Он, видимо, в красках представил себе, как нарывается на мину. Его руки, ноги и голова разлетаются в разные стороны. С воображением у него сложилось. Такая вот картинка кого угодно заставит морщиться как от настоящей физической боли, которую человек, в действительности разрываемый миной на части, ощутить не успевает.
— Хорошо, что у тебя во взводе есть толковый сапер, — заявил подполковник. — А еще лучше, что мы на БМП сразу не двинулись.
— Собственный сапер имеется в каждом взводе спецназа ГРУ, — заявил я.
Разумеется, мне было известно, что в обычных войсках существуют саперные подразделения и отдельные части. Это, вероятно, удобно при проведении больших войсковых операций, когда саперы заняты не только разминированием, но и множеством других работ. Например, они наводят переправы через водные преграды.

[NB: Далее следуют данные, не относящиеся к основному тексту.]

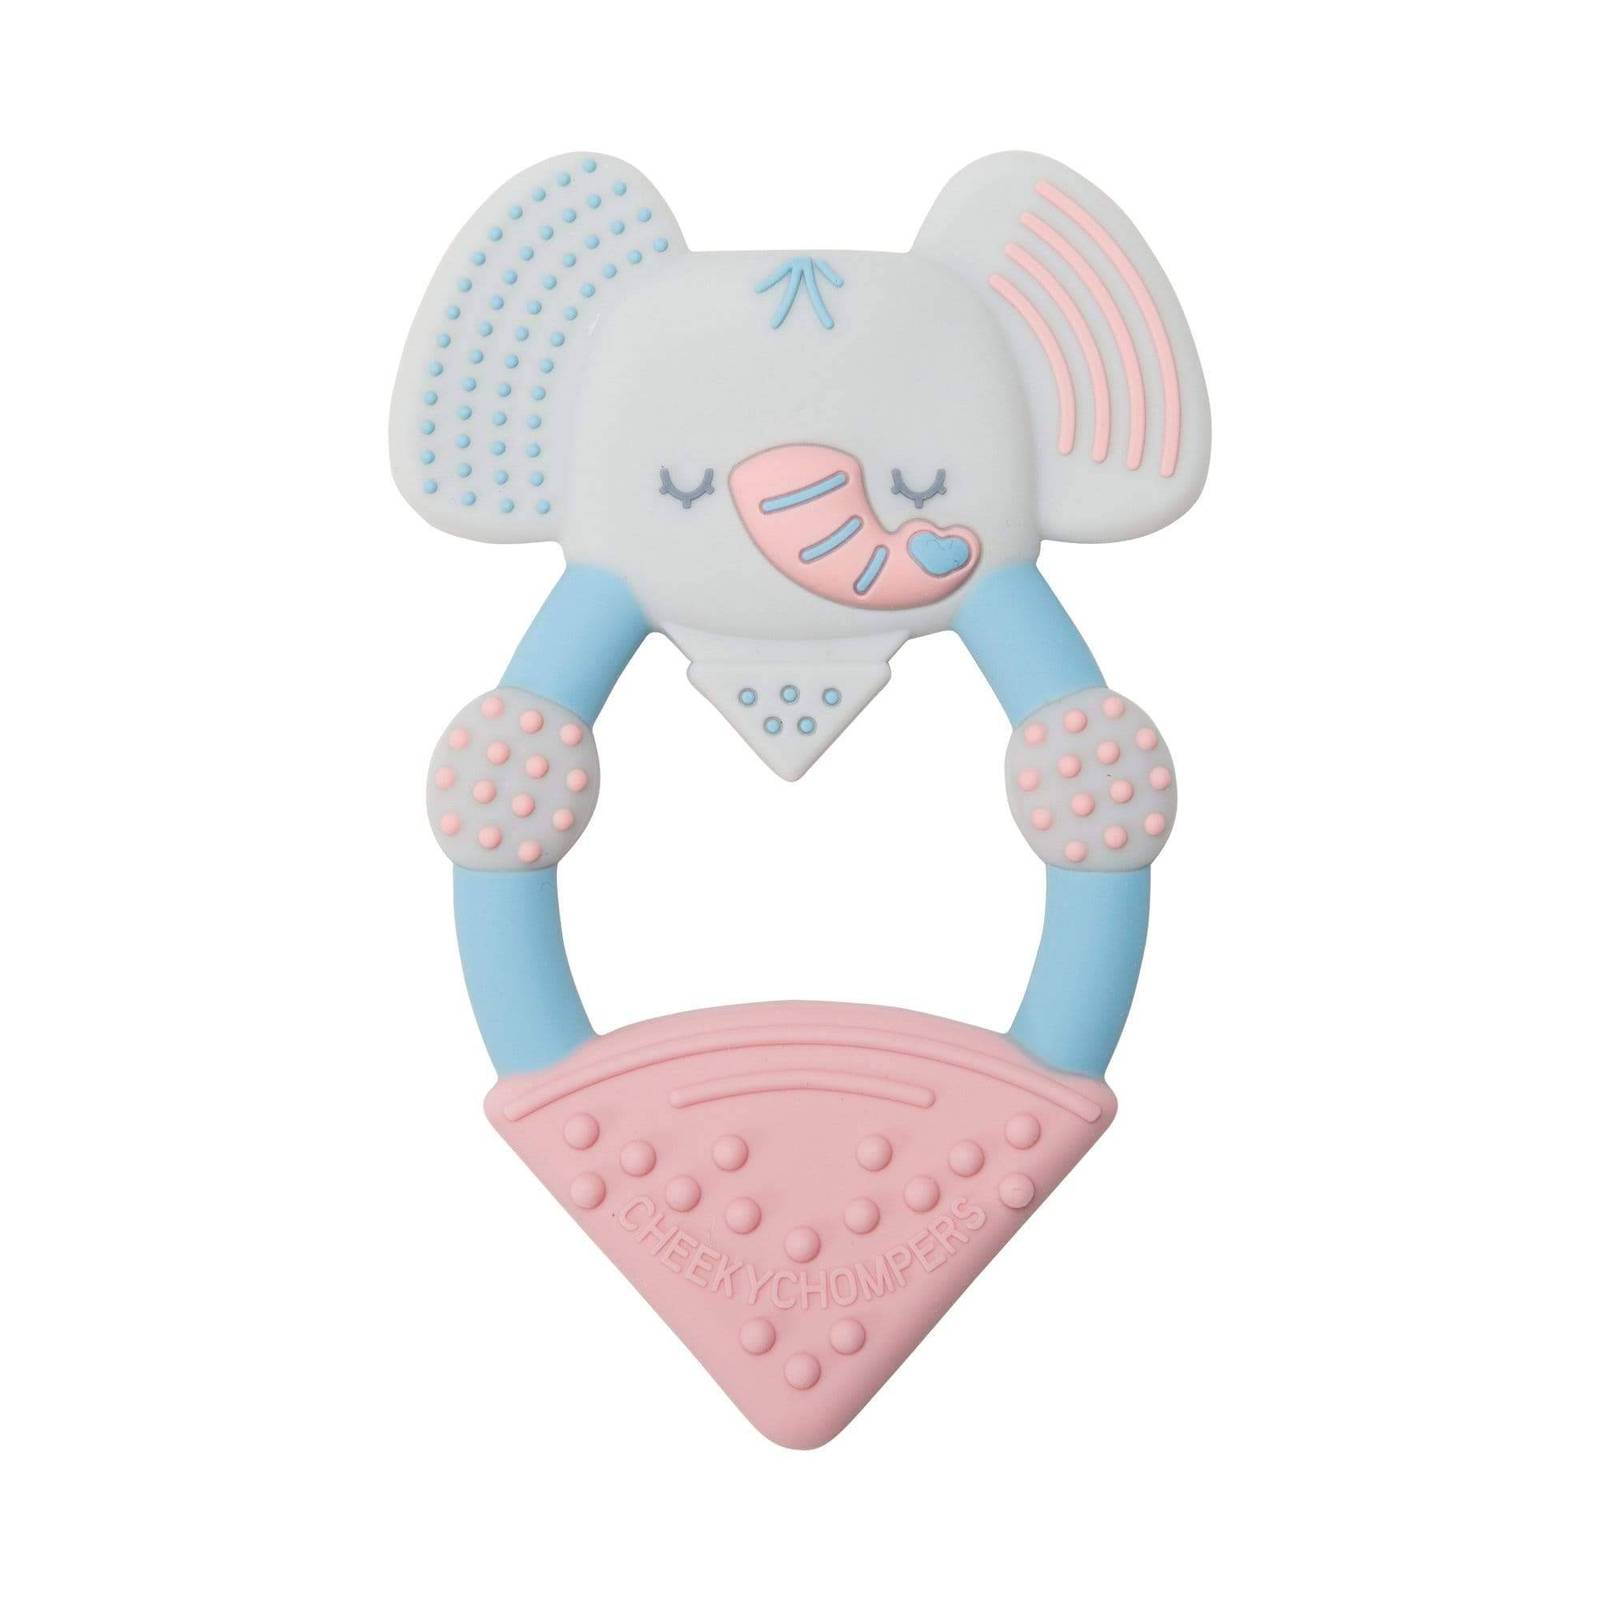 Baby teether in pink, grey and blue elephant design.

А в малых операциях, которые выполняет спецназ военной разведки, достаточно бывает одного сапера на взвод. Надо сказать, что заменить этого человека у нас может каждый командир отделения, взвода и его заместитель. Этому нас специально обучают.
— Теперь о том, что касается движения на БМП. Практика, товарищ подполковник, показывает, что бандиты всегда минируют подходы к своему логову. Поэтому такой способ передвижения без предварительного изучения местности у нас категорически не приветствуется.

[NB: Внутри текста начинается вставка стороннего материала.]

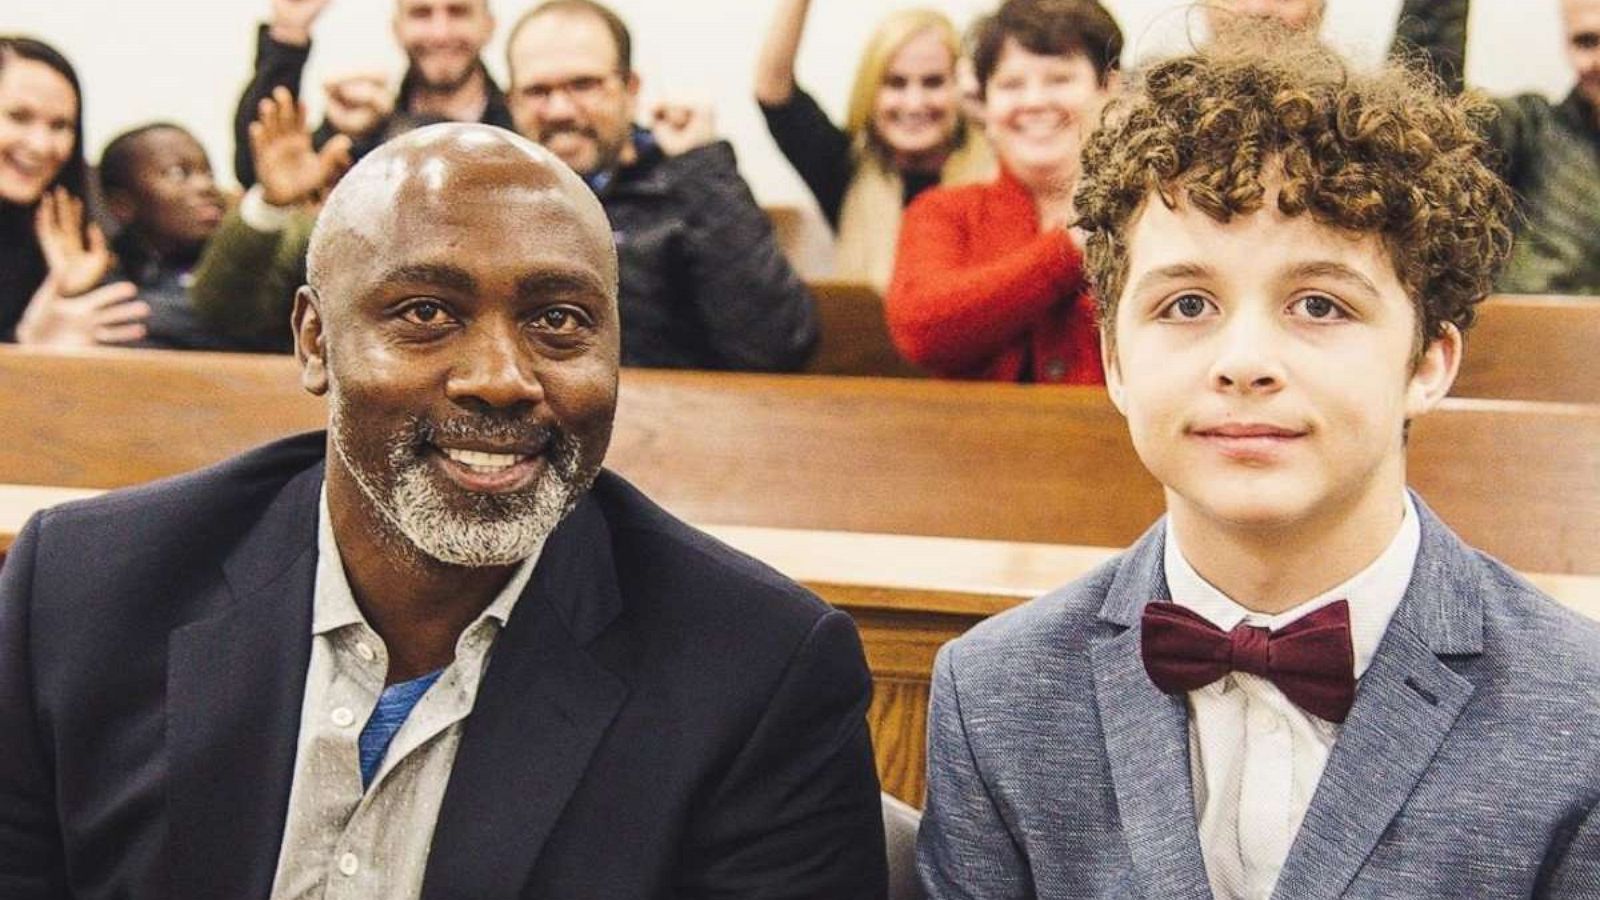 Single dad adopts 13-year-old who was abandoned 2 years earlier at hospital  - Good Morning America

— А зачем мы тогда вообще БМП с собой взяли? Доехали, и можно было бы отправить их восвояси.
— Вместо БМП-3 оставлять часть взвода на охранение тылов? Но бандитов и без того намного больше, чем нас. Хотя значительную часть из них составляют простые рабочие. Чем они, кстати, занимаются?
— Это тоже не простые рабочие, а специалисты, прошедшие обучение под руководством иностранных инструкторов, чаще всего американских, саудовских или израильских. А занимаются они сборкой беспилотных летательных аппаратов, трамплинов и катапульт для их запуска. В банде есть отдельная бригада, которая занята только маскировкой беспилотников под простейшие самоделки. Эти люди что-то придумывают, добавляют, переделывают. Ставят детали из самых доступных материалов, чаще всего из простой фанеры. Оттого и вид у беспилотников самопальный. Хотя, в принципе, это те же самые боевые дроны со сложнейшим компьютерным обеспечением.

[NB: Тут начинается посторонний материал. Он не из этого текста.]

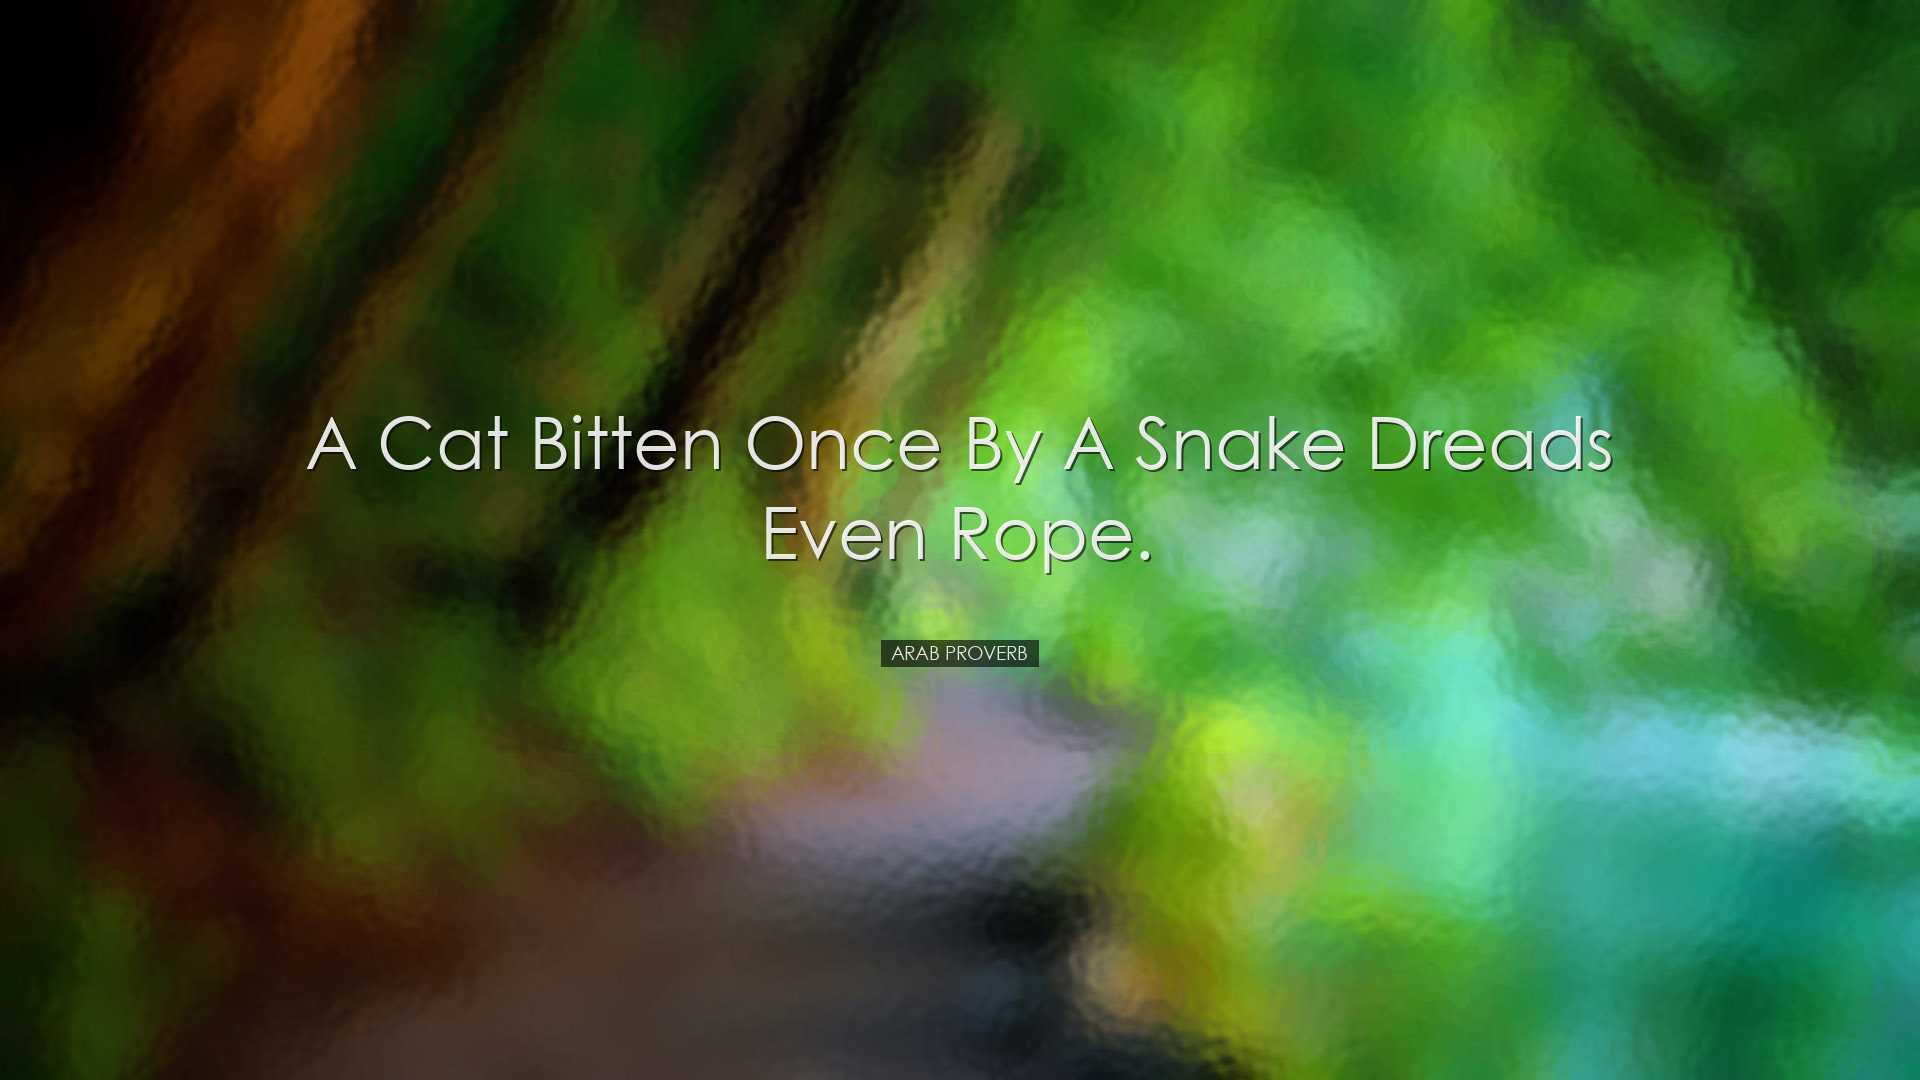 A cat bitten once by a snake dreads even rope. - Arab Proverb

Я отключился от внутривзводной связи, придвинулся к Звягинцеву поближе и проговорил:
— Банды к нам приходят с Ближнего Востока, это общеизвестно. Недобитые игиловцы и прочие персонажи подобного рода. Я только одного, товарищ подполковник, понять не могу. Что Израилю в тех делах надо? С американцами все понятно. Они хотят соблюсти на Ближнем Востоке свой интерес, обеспечить собственное влияние, нагнетать напряжение вокруг России, чтобы она больше денег тратила и задохнулась точно так же, как когда-то Советский Союз. Я представляю, в какую сумму нашей стране обходится каждый день сирийской войны. А вот зачем Израилю напряжение у своих границ? Это у меня в голове не укладывается.
Подполковник наклонил голову ко мне, словно стеснялся того, что его могут услышать солдаты, и проговорил:
— Все довольно просто. Когда страны разваливаются, как, к примеру, Ливия, их соседи всегда могут чем-то поживиться. Если вокруг Израиля будут идти бесконечные войны, то что-то может и ему перепасть. Ситуация вокруг Западного берега Иордана не станет сильно заостряться, поскольку не до нее будет. Та же история и с Иерусалимом. Про палестинцев в этом случае так называемая мировая общественность просто позабудет. Израиль желает в мутной воде рыбки для себя наловить. Да и США его подстрекают, требуют от Израиля активных действий. Потому Тель-Авив и вмешивается теперь в сирийский вопрос. Когда игиловцы две трети страны захватили, Израиль не особенно беспокоился по этому поводу, но активизировался, как только Асад снова голову поднял. Его усиления в Тель-Авиве не хотят. Асад еще в мирное время выступал за возвращение Сирии Голанских высот, захваченных Израилем в шестьдесят седьмом году. Эти высоты имеют стратегическое значение. Если поставить там ракеты или даже просто дальнобойную артиллерию, то можно большую часть Израиля обстреливать. Потому он будет делать все, чтобы Асад не остался у власти.
— Я, разумеется, понимаю, что Израиль заинтересован в решении сирийского вопроса по собственному сценарию. Но к нам-то они с какого бока лезут? Что им у нас нужно?
— Израиль первым среди развитых стран мира начал разработку и производство БПЛА. В России же скоростными темпами разрабатывались малые пехотные роботы, причем даже в условиях отсутствия финансирования. Результат есть, но он имеет значение только на земле. А мы сейчас говорим о другом. БПЛА дают возможность захватить господство в воздухе на малых высотах, там, где до этого использовались только вертолеты, очень дорогие как в разработке, так и в производстве. Израильтяне первыми это поняли. Пока другие хватились, осознали свое упущение, они уже далеко ушли. Сейчас именно Израиль производит лучшие в мире БПЛА любого типа, и самолетного, и вертолетного. В боевых действиях на Ближнем Востоке эти аппараты проявили себя с самой лучшей стороны и были оценены по достоинству. Насколько мне известно, по просьбе США Израилем было выделено значительное количество комплектующих, предназначенных исключительно для военных беспилотников. Хотя, согласно другим данным, основная их часть вроде бы поставлена из Соединенных Штатов. Но обучали рабочих инструкторы из двух стран. Это я знаю точно. Сами бандиты так говорили. Я даже слышал их споры о том, чей инструктор был лучше, чьи комплектующие надежнее, удобнее для сборки.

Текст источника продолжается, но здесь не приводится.